A backend engineering project that incrementally builds a high-throughput, fault-aware notification processing system, evolving from in-memory queues to cloud-native distributed infrastructure.

The project is developed phase by phase to mirror how real production systems are designed, stressed, and hardened under load.


Problem Statement

Notification systems (OTP, alerts, marketing messages) must handle:

  • Sudden traffic spikes
  • Slow or failing downstream providers
  • Backpressure without crashing
  • Eventual retries and dead-letter handling

Synchronous processing breaks under load.

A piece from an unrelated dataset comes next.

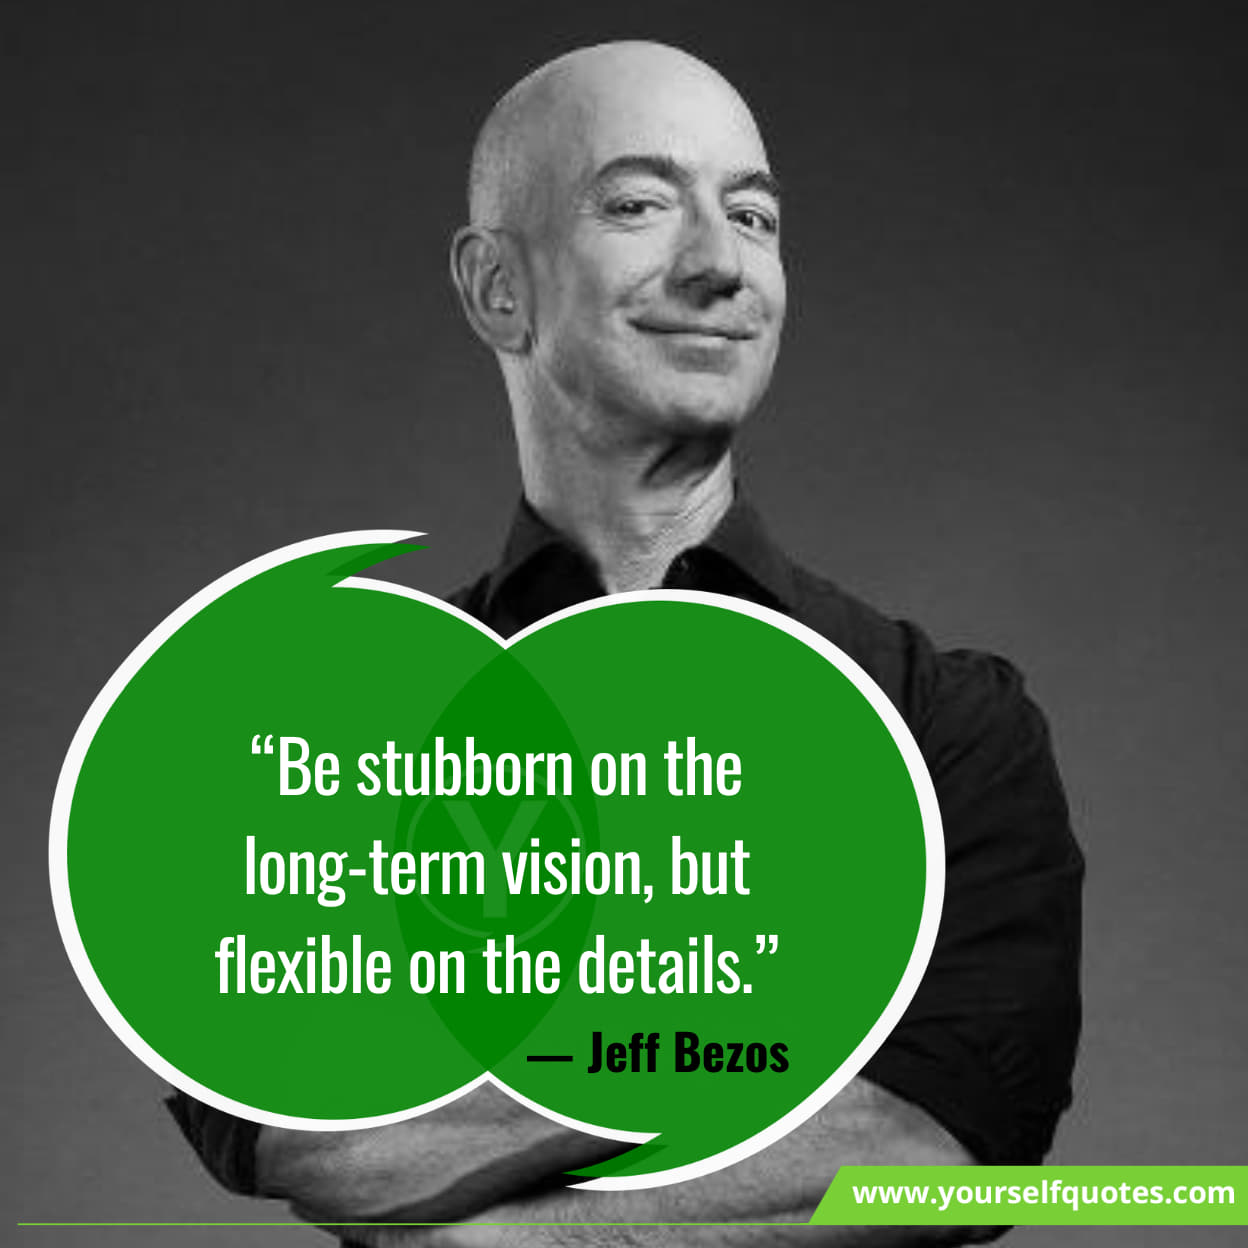 Best Jeff Bezos Quotes For Life
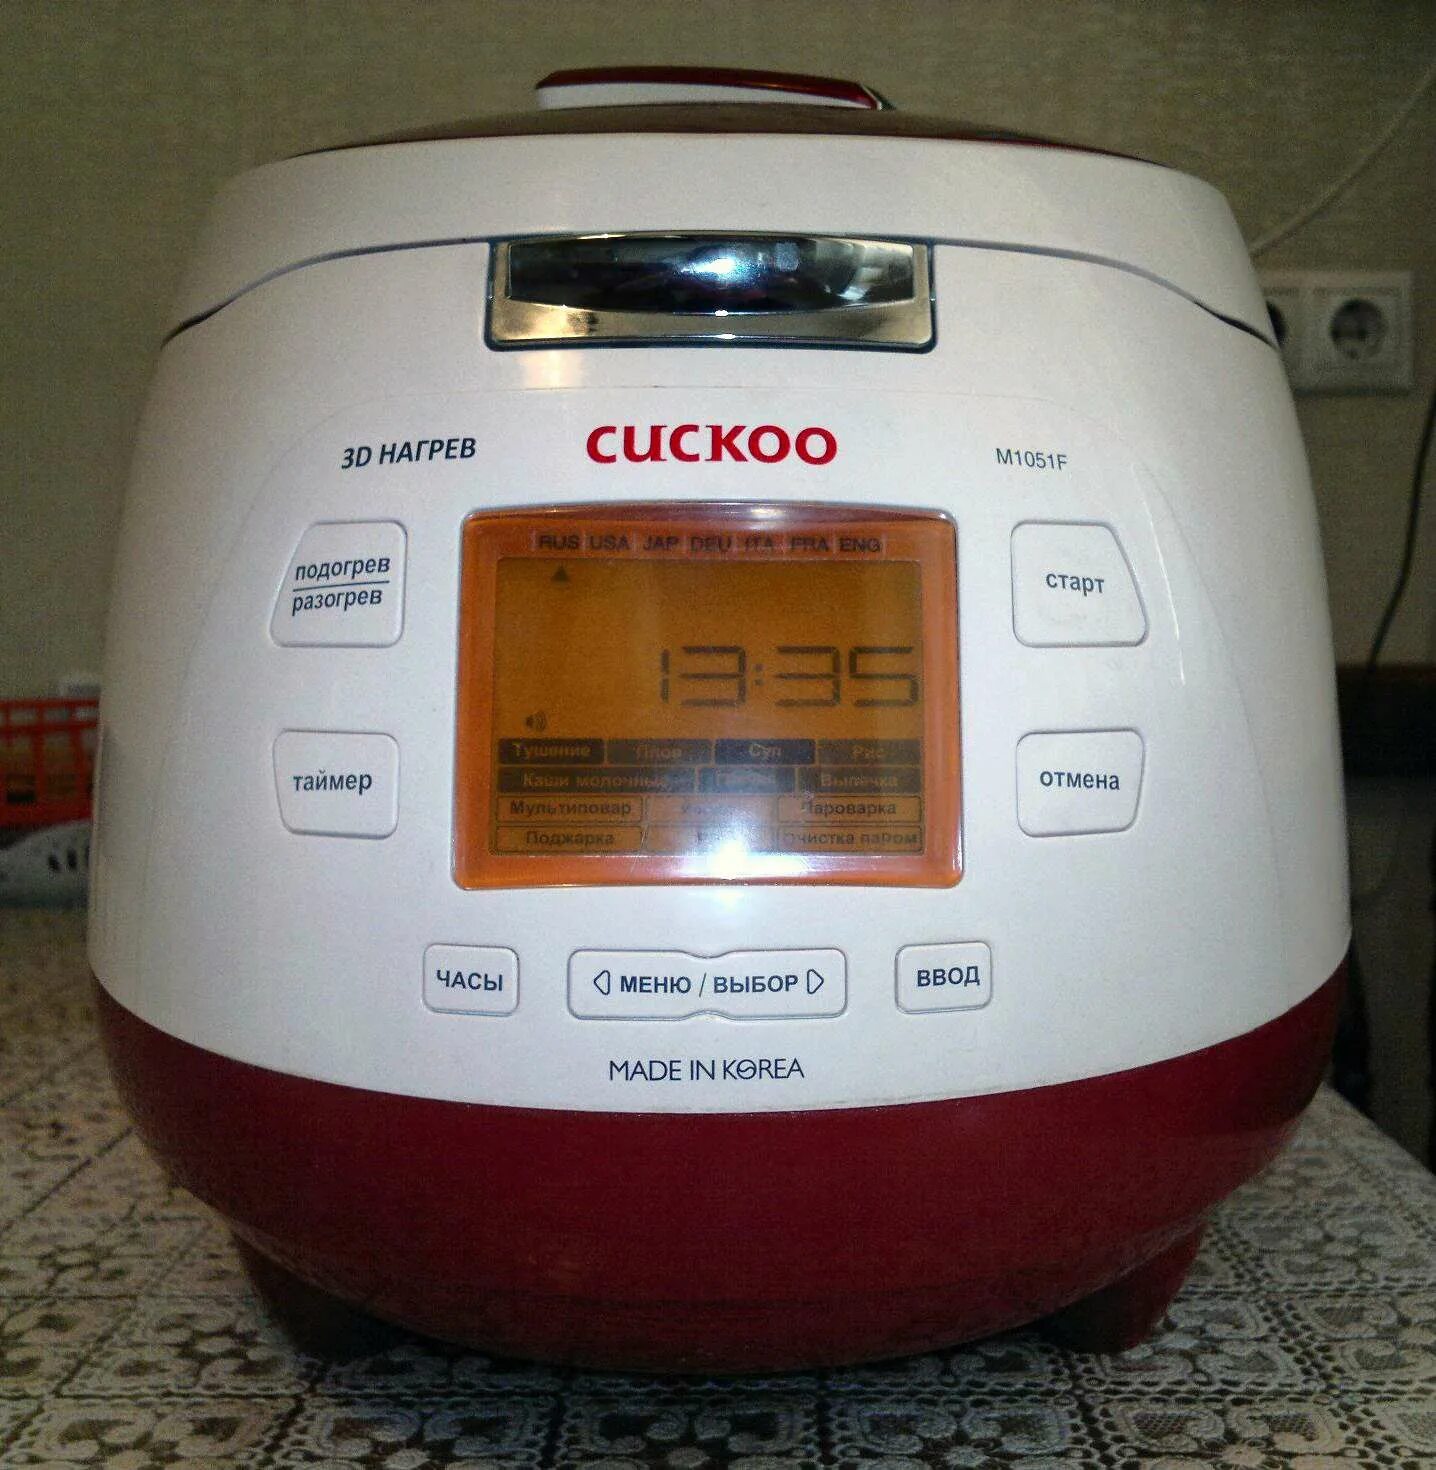 Мультиварка cuckoo купить. Cuckoo m1051f. Cuckoo CMC-m1051f. Чаша для мультиварки Cuckoo m1051f. Пароварка Cuckoo CMC 1051f.

This project focuses on decoupling ingestion from processing and progressively introducing reliability and scale.


Phase 1 — Minimal Asynchronous Decoupling (Completed)

The system accepts notification requests and places them into a bounded in-memory queue, returning immediately to the client without blocking on processing.


Phase 1 Architecture

Client
  |
  v
POST /notification
  |
  v
NotificationController
  |
  v
InMemoryNotificationQueue (BlockingQueue, bounded)

Core Design (Phase 1)

Asynchronous Ingestion

  • Requests are accepted via REST
  • Notifications are enqueued, not processed synchronously
  • This prevents slow consumers from impacting API latency

Bounded Queue (Backpressure)

  • LinkedBlockingQueue with fixed capacity
  • When full, requests are explicitly rejected
  • Prevents unbounded memory growth

This mimics how real systems behave under overload.


API

POST /notification

Request

{
  "type": "EMAIL",
  "recipient": "user@test.com",
  "message": "Hello"
}

Responses

  • 202 Accepted → notification queued
  • 429 Too Many Requests → system overloaded (queue full)

Load Testing (Phase 1)

A custom Java-based load simulator was used to stress the ingestion layer.

Test Configuration

  • Total requests: 10,000
  • Max concurrent in-flight requests: 50
  • Queue capacity: 1,000
  • No consumer draining the queue

Result

========== LOAD TEST RESULT ==========
Total Requests: 10000
Accepted (2xx): 1455
Rejected (429): 8545
Errors: 0
Time Taken(ms): 3398
Throughput (req/sec): ~2942

Observations

  • Ingestion remained stable under burst traffic
  • System rejected excess load gracefully
  • No thread exhaustion or application crashes
  • Backpressure behavior is visible and intentional

This validates the producer–consumer decoupling model.


What Phase 1 Demonstrates

  • Producer–Consumer pattern
  • Asynchronous request handling
  • Explicit overload protection
  • Stable ingestion under high traffic

Phase-2 Architecture

Client
  |
  v
POST /notification
  |
  v
NotificationController
  |
  v
InMemoryNotificationQueue (bounded)
  |
  v
NotificationDispatcher (single thread)
  |
  v
WorkerPool (ThreadPoolExecutor, bounded)
  |
  v
Notification Processing

This architecture directly maps to:

  • Kafka consumer group model
  • SQS poller + ECS worker tasks
  • RabbitMQ worker queues

Core Design Evolution

Phase-1: Asynchronous Ingestion

  • Requests are accepted via REST
  • Notifications are enqueued, not processed synchronously
  • API latency remains stable even if processing is slow

Phase-1 Backpressure

  • Bounded queue prevents memory blow-up
  • Queue full → HTTP 429 Too Many Requests
  • Overload is explicit, not silent

Phase-2: Dispatcher + Worker Pool (Critical Upgrade)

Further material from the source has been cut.